The focus is on tree hydrology—that is, how water is transported and utilized within a tree. If this water transport is disrupted, it can have serious consequences for the health of the trees.

Various deciduous tree species in managed and unmanaged forests are being studied. In addition to the hydraulic properties of branches and leaves, the researchers are using leaf spectroscopy. This method allows them to quickly and non-destructively measure leaf properties. Spectral measurements and statistical models also enable conclusions to be drawn about the chemical and functional properties of many other leaves.

This research helps us better understand which tree species and forest structures are particularly resilient to the effects of climate change.

Forest Inventory – Surveying the Forest#

Forests serve numerous functions: They provide habitat for animals, plants, and fungi; store carbon; retain water; filter the air; and supply wood, a renewable resource. To assess these services, their characteristics must be accurately recorded.

During forest inventories, trees and other forest characteristics are systematically measured. Data collected includes, for example, tree species, tree heights, timber stocks, and the proportion of deadwood. Nationwide surveys such as the Federal Forest Inventory provide important information about the condition and development of forests in Germany.
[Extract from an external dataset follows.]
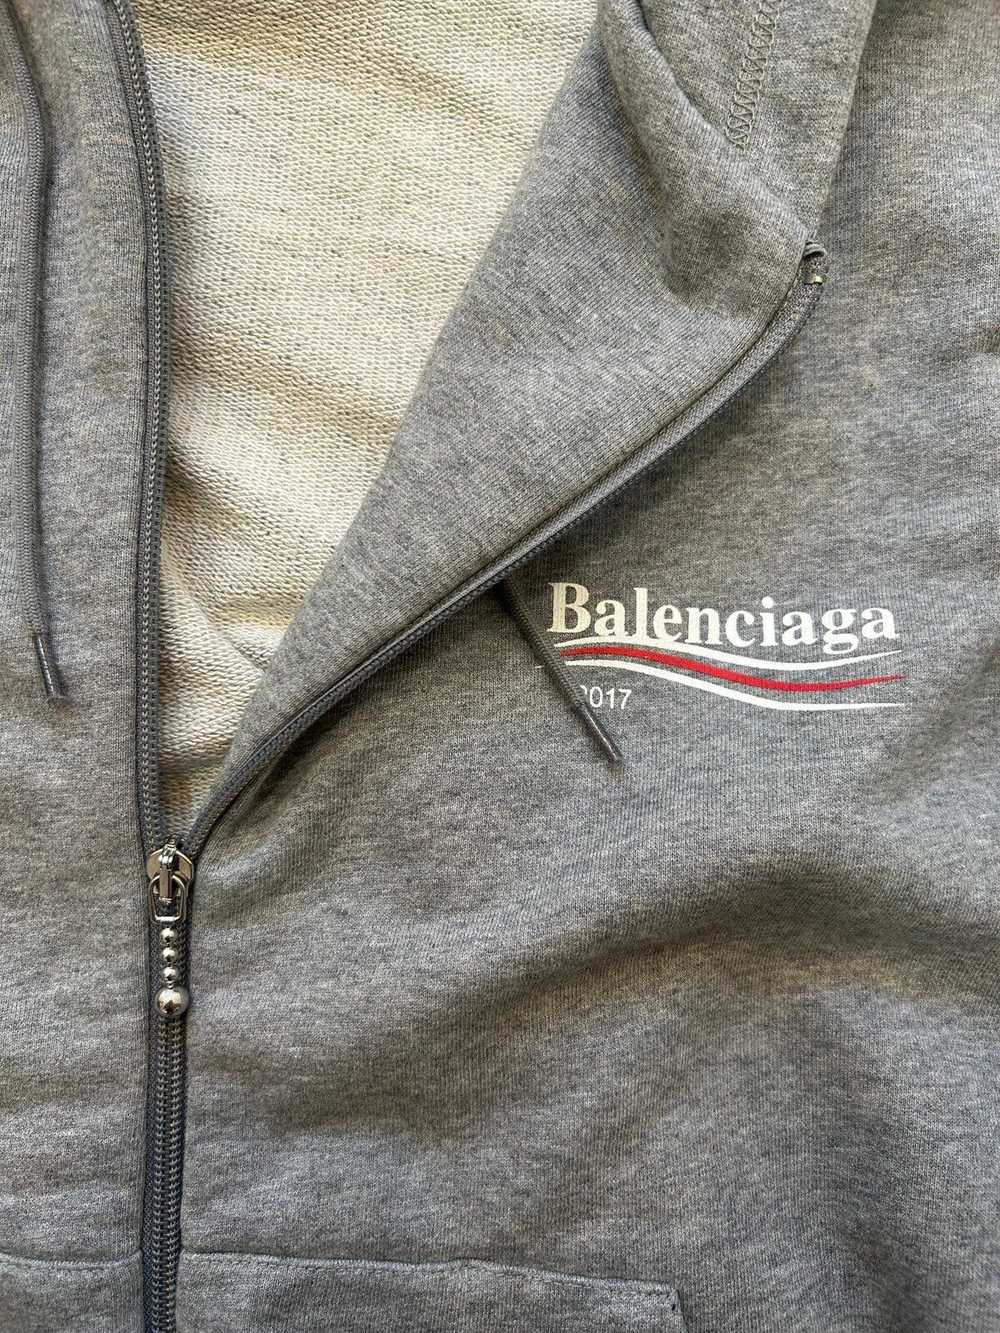 Balenciaga BALENCIAGA CAMPAIGN 2017 ZIP UP - image 3

For individual forest areas, however, more detailed studies are often necessary to plan and evaluate specific measures.

Depending on the research question, various methods are used—ranging from traditional measuring tools such as tape measures and altimeters to modern acoustic measurement techniques. These methods provide precise insights into the structure of individual trees and entire forest stands and lay an important foundation for research and forest management.